A group of scientists of the University of Granada, the University of Sevilla and the Fat Institute (CSIC) has proved the poor reliability of the current official method in Spain to measure the colour of virgin olive oil and has lied the foundations for a new and more accurate system which allows to use this parameter as an oil quality sign.

«Colour is a very important magnitude from the point of view business and industry because it is a sign of virgin olive oil quality (colour is connected with oil chemical features, like acidity, etc.) and it has a great deal of influence on consumers´ preferences. By using optical techniques, it is also possible to test, for example, if there are adulterations in oil in a fast and non-invasive way».

Researcher Manuel Melgosa Latorre, Professor of Optics in the University of Granada and secretary of the Colour Committee of the Spanish Optical Society, is one of the scientists who have studied colour in specific products like virgin olive oil or los wine: The research team deals with work lines like differences and similarities between Spanish and Maroccan olives; analysis of the preferences of colours and teenagers´personality; connection between colour and the edaphological properties of Mediterranean soils and automated evaluation of colour differences in different industrial implementations.

In the case of virgin olive oil, Melgosa Latorre states that the interest in measuring colour is a response to a technical and commercial request «to characterize the product properly». «We can not forget that the olive-oil sector moves about 500,000 million pesetas per campaign only in Andalusia. If we defend oil as a top quality product and we want to export it with guarantees, origin denominations (OD: Spanish prestigious product classification) should include colour as a characteristic and a quality sign», he asserts.

At the moment, the offical current method in Spain to measure virgin olive oil colour is called Method ABT (Bromothymol Blue Method). According to the researcher from Granada, this system was introduced in 1986 by R. Gutiérrez and F. Gutiérrez as a «Fast Method to Define the Virgon Olive Oil Colour» and it consists of 60 dissolutions which are used as comparative patterns, as a colour card.

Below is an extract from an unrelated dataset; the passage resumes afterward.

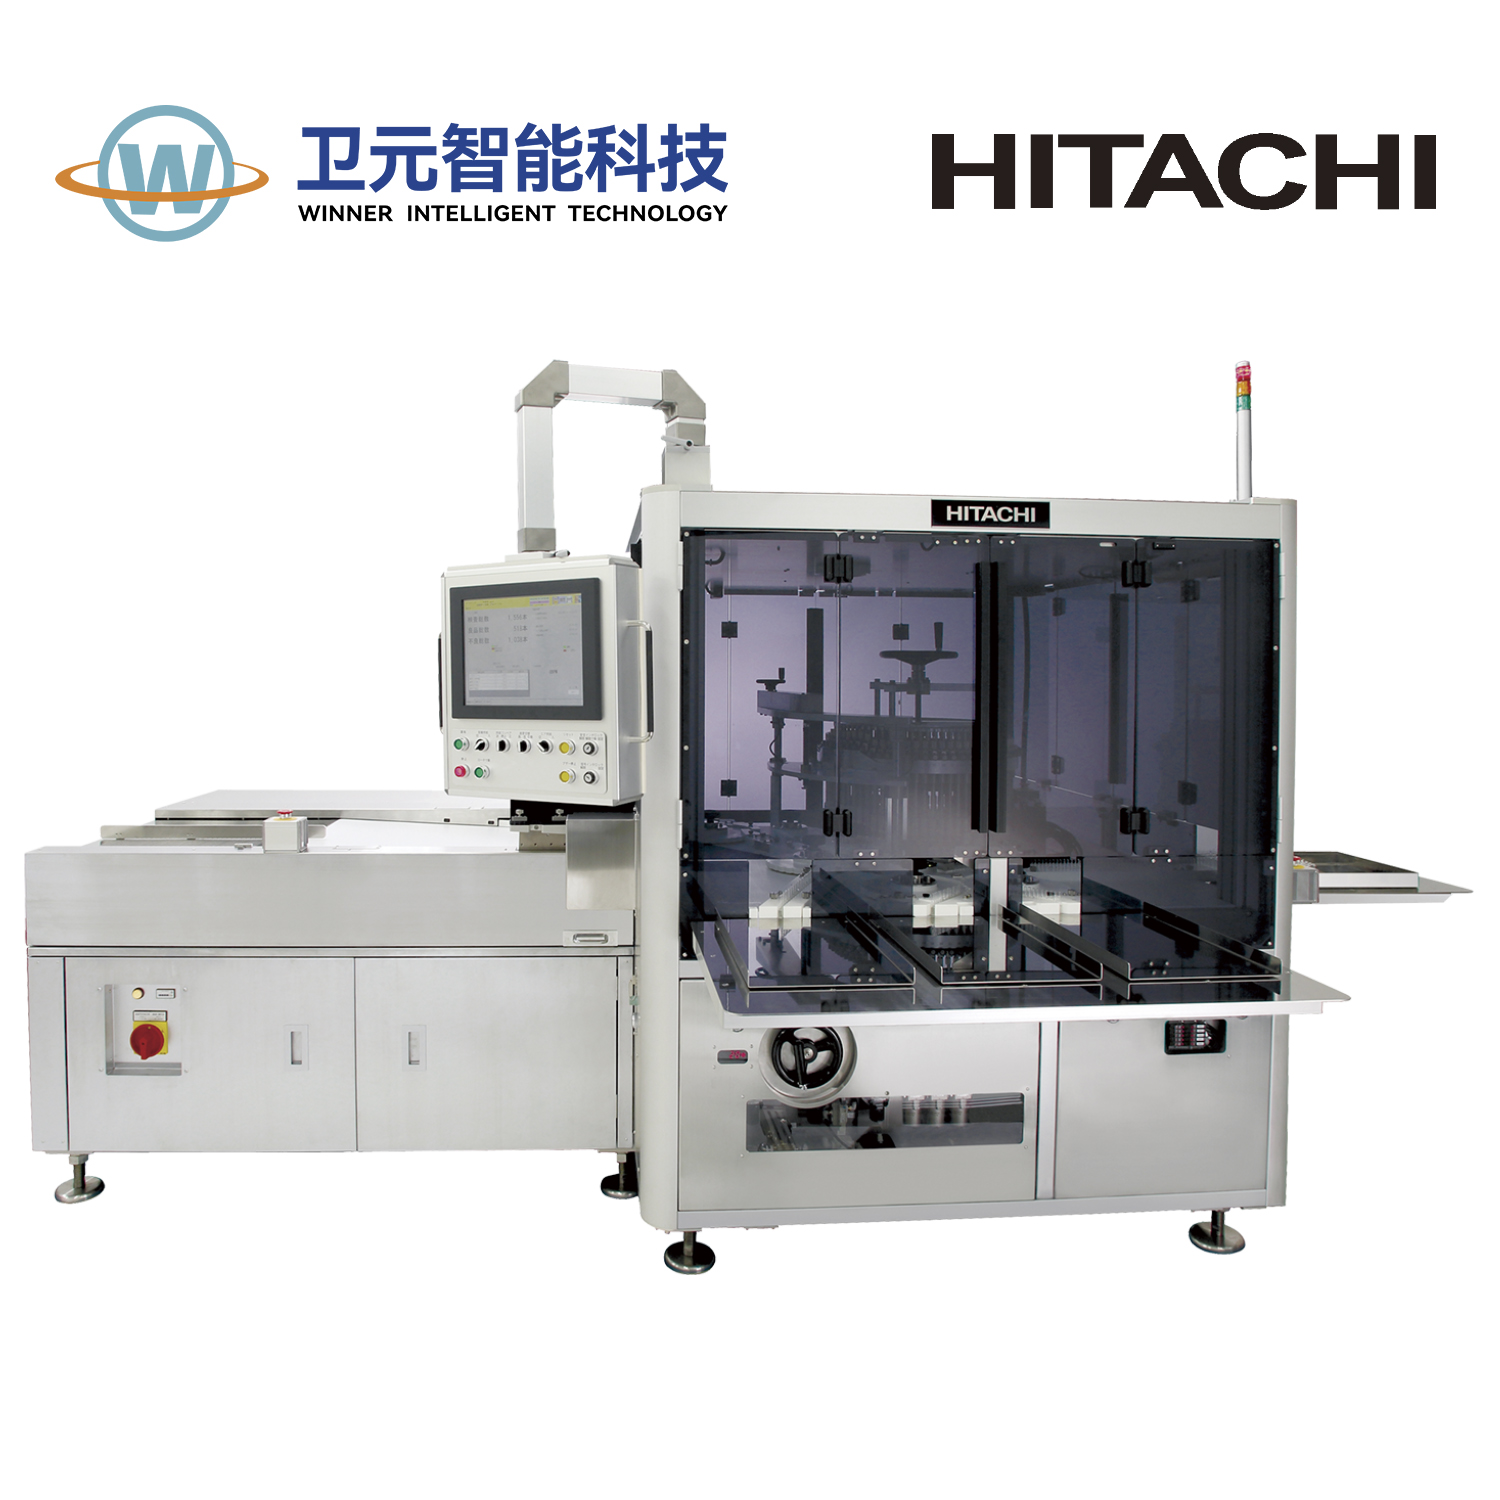 Hitachi High Resolution Inspection System

The analysis of this colour measuring system is one of the research lines of Melgosa Latorre´s group, whose results have been published in the Journal American Oil Chemists’ Society, a journal of international impact in 1999, 2000 and 2001.

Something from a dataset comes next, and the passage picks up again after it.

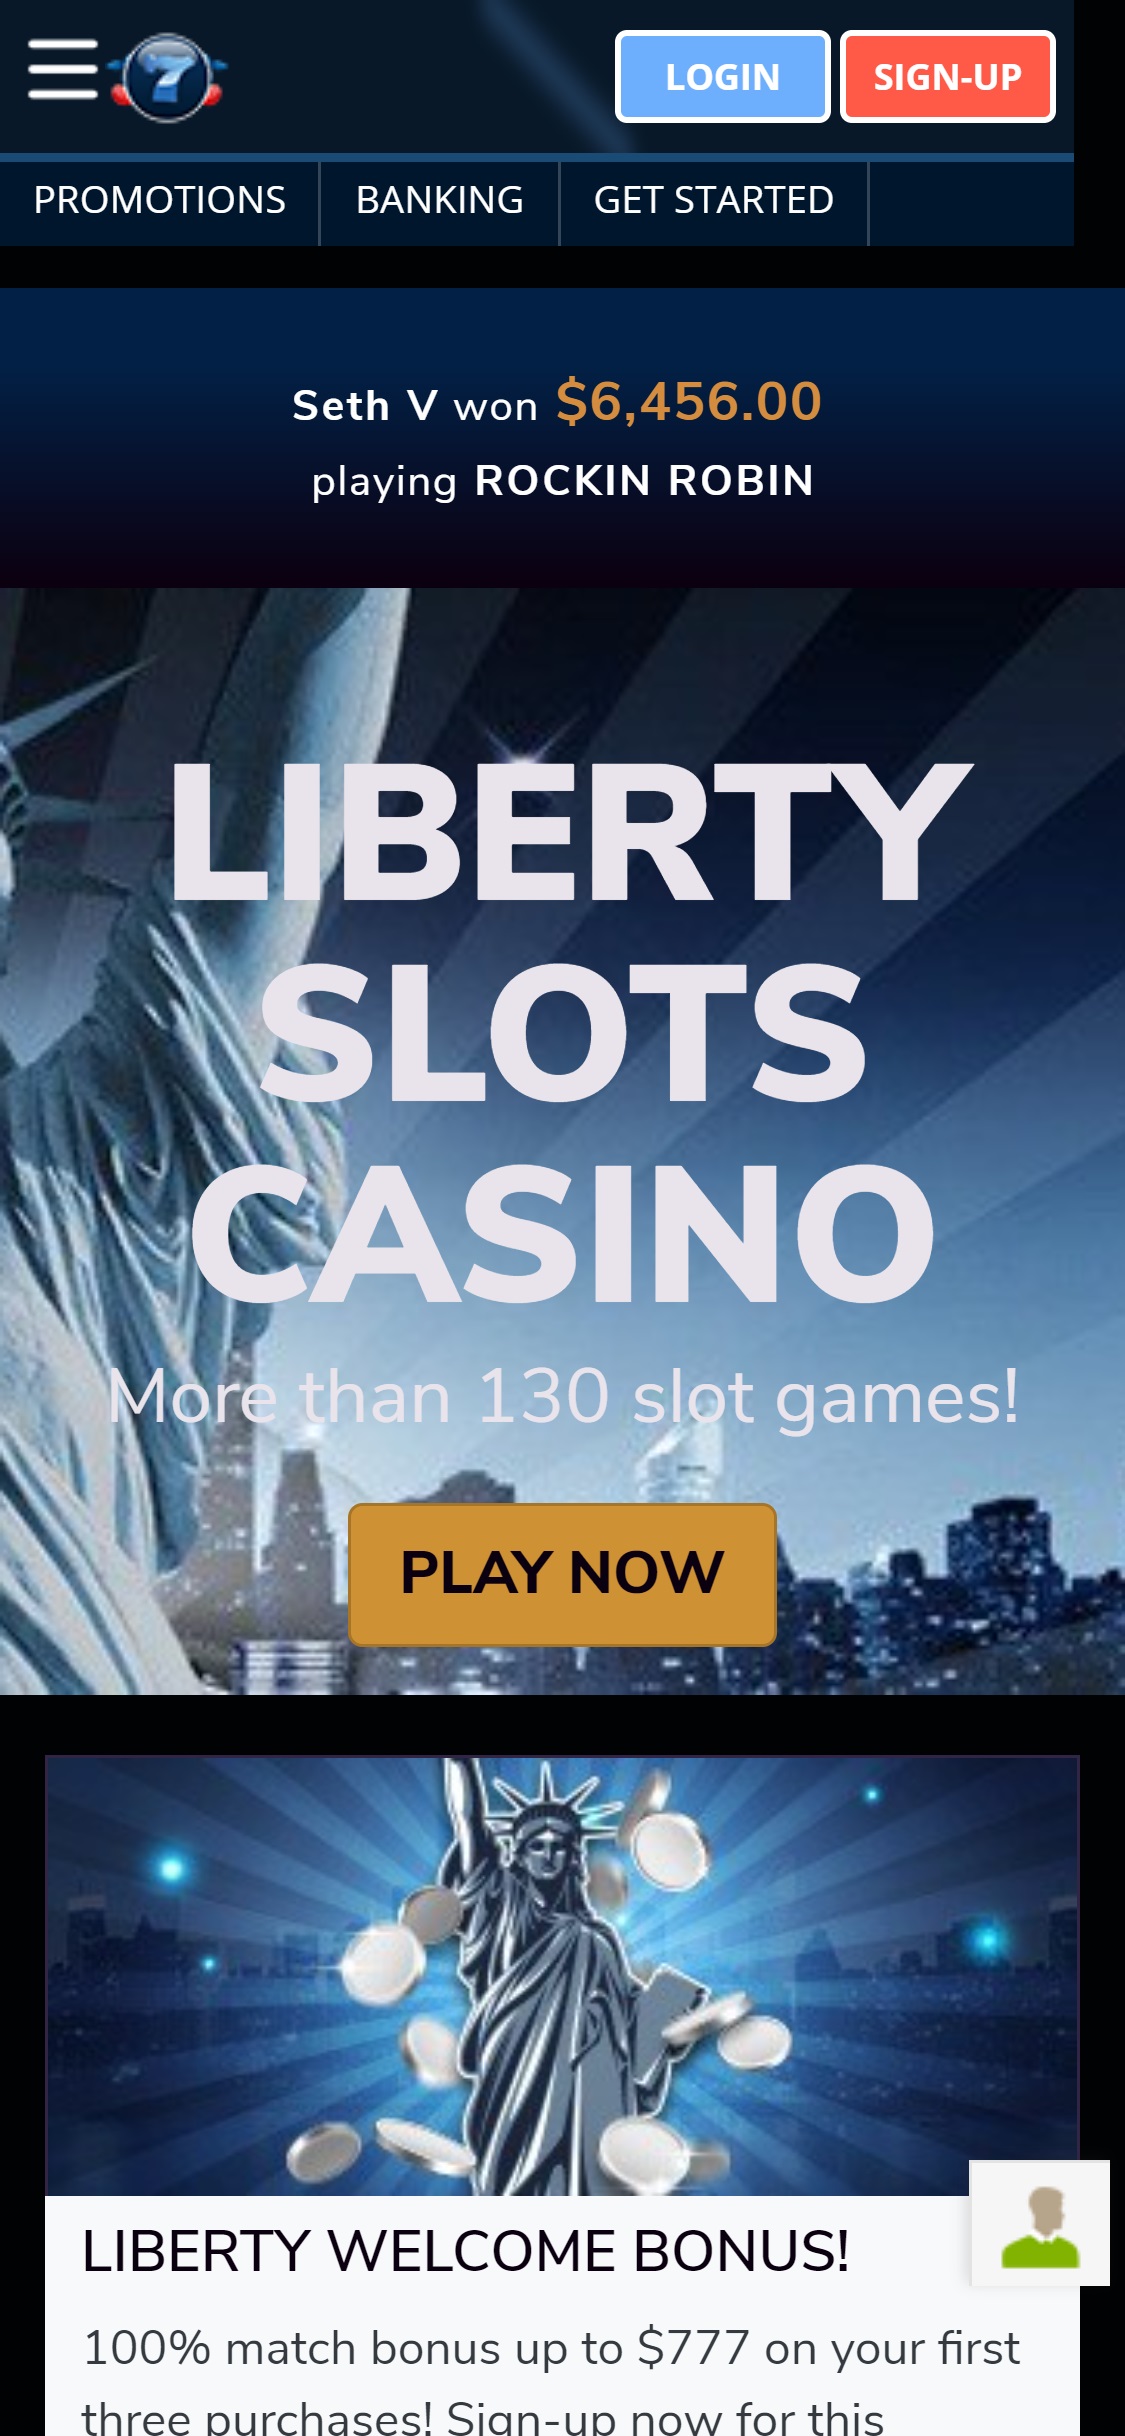 Liberty Slots Casino Mobile Review

In the first study, «Reliability of the Bromthymol Blue Method for Color in Virgin Olive Oils», the researchers reveal the poor reliability of the ABT Method since colour specifications refer to a different space from that recommended by the international community (CIELAB). «ABT patterns are not well distributed in the colour space; in addition, some virgin olive oils are not in the colour space area where ABT patterns position», the lecturer explains.

The second work («Precision and Accuracy in the Color Specification of Virgin Olive Oils from the Bromthymol Blue Method») confirm the lack of precision and accuracy of the system and proves that a review appropriate to the advances in the field of Optics is necessary.

The last research work (called «Reproducibility of the Bromthymol Blue Standards Used for Color Specification of Virgin Olive Oil») aimed to confirm if ABT patterns (disolutions) are or not temporarily stable. The scientists subjected the samples to periodical measurements for a year and they detected that disolutions were unstable immediately after their preparation.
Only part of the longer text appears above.